Retirement Savings Alternatives: CDs, IRAs & HSAs
May 12, 2026, 5:02 a.m. ET
There are many reasons you might be interested in building your retirement savings outside a 401(k). Maybe your employer doesn't offer a 401(k) plan, you're already maxing yours out, or you don't want to put all your eggs in a single basket. Whatever the reason, a 401(k) is not the only way to invest money for retirement.
Here's a sample of other smart ways to ensure you're ready for everything retirement tosses your way, from taxes to healthcare costs.
1. Certificate of deposit (CD)
A CD is a savings product offered by banks and credit unions. If you're willing to shop around for the best rates, you can easily find CDs paying more than 4% (as of May 2026). Here are some of the most attractive features associated with CDs:
- You get a fixed interest rate and guaranteed returns.
- They're insured by FDIC or NCUA for up to $250,000 per depositor, per institution.
- They typically offer higher interest rates than traditional savings accounts.
- With terms ranging from three months to 10 years, you get to decide how long to lock your money in.
- It's easy to build a "CD ladder" by opening multiple accounts with staggered maturity dates. For example, you may open a CD with a three-month term, another with a six-month term, and so on. That way, you have regular access to funds.
- Most CDs don't carry maintenance fees.
- Interest may compound daily, monthly, or quarterly, all of which increase your overall return.
2. Traditional individual retirement account (IRA)
If you're looking for a powerful alternative to a 401(k), you can't do much better than a traditional IRA. Here's why:
- It allows you to invest whether you are self-employed, work for a small business, or just want to diversify beyond the plans your employer offers.
- The contributions you make may be tax-deductible, reducing your current taxable income.
- As with a 401(k), investments grow tax-deferred until retirement.
- They're a good option if you expect to be in a lower tax bracket in retirement.
- If you're under 50, the contribution limit for 2026 is $7,500. If you're 50 or older, you can add a catch-up amount of $1,100 for a total annual contribution of $8,600.

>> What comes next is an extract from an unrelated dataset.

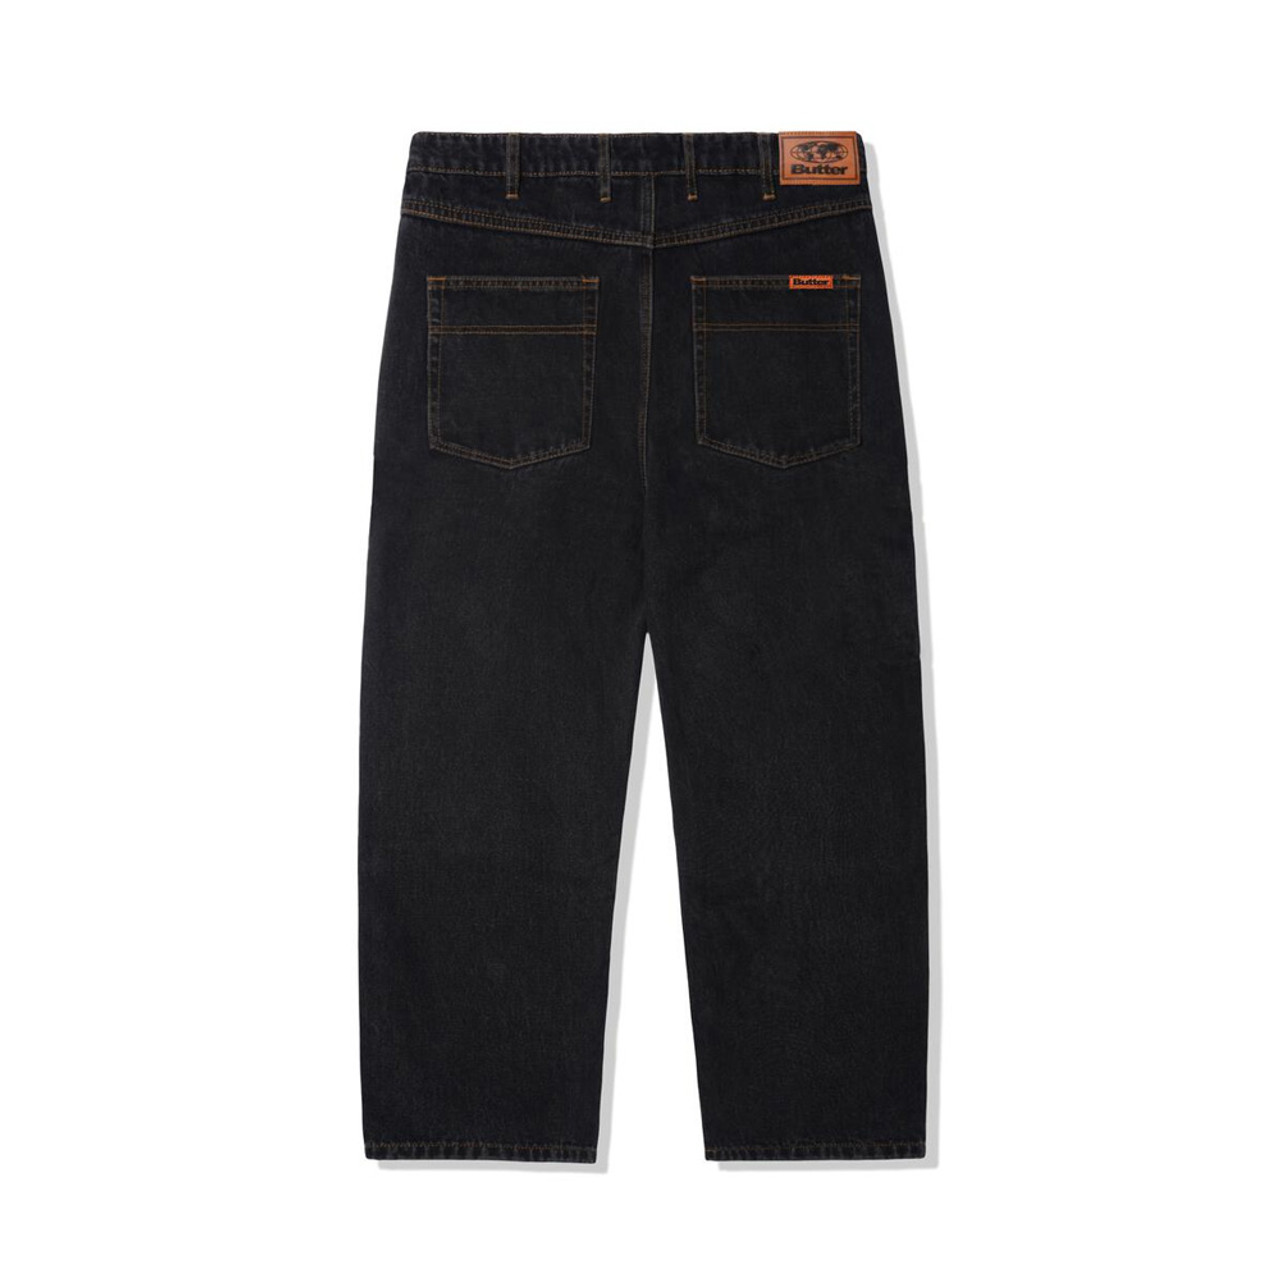 BUTTER GOODS Relaxed Denim Jeans Washed Black

3. Health savings account (HSA)
"High-deductible health plan" (HDHP) may be the most dreaded words a newly insured person can hear. However, if you have a HDHP, you're eligible to open an HSA. Here's how it can benefit you, even in retirement:
- There's a triple tax benefit. Not only do you get to make tax-deductible contributions, but the account grows tax-free, and you make tax-free withdrawals for medical expenses.
- Once you turn 65, you can withdraw funds for any purpose. If you use those funds for medical expenses, you won't pay taxes on the amount withdrawn. If it's for non-medical expenses, the money is taxed as ordinary income.
- You'll never need to make a required minimum distribution.
As you prepare for retirement, it's good to gather your options and get to know each of them. The goal is to put your hard-earned money where it's most likely to grow and provide you with the kind of retirement you hope for.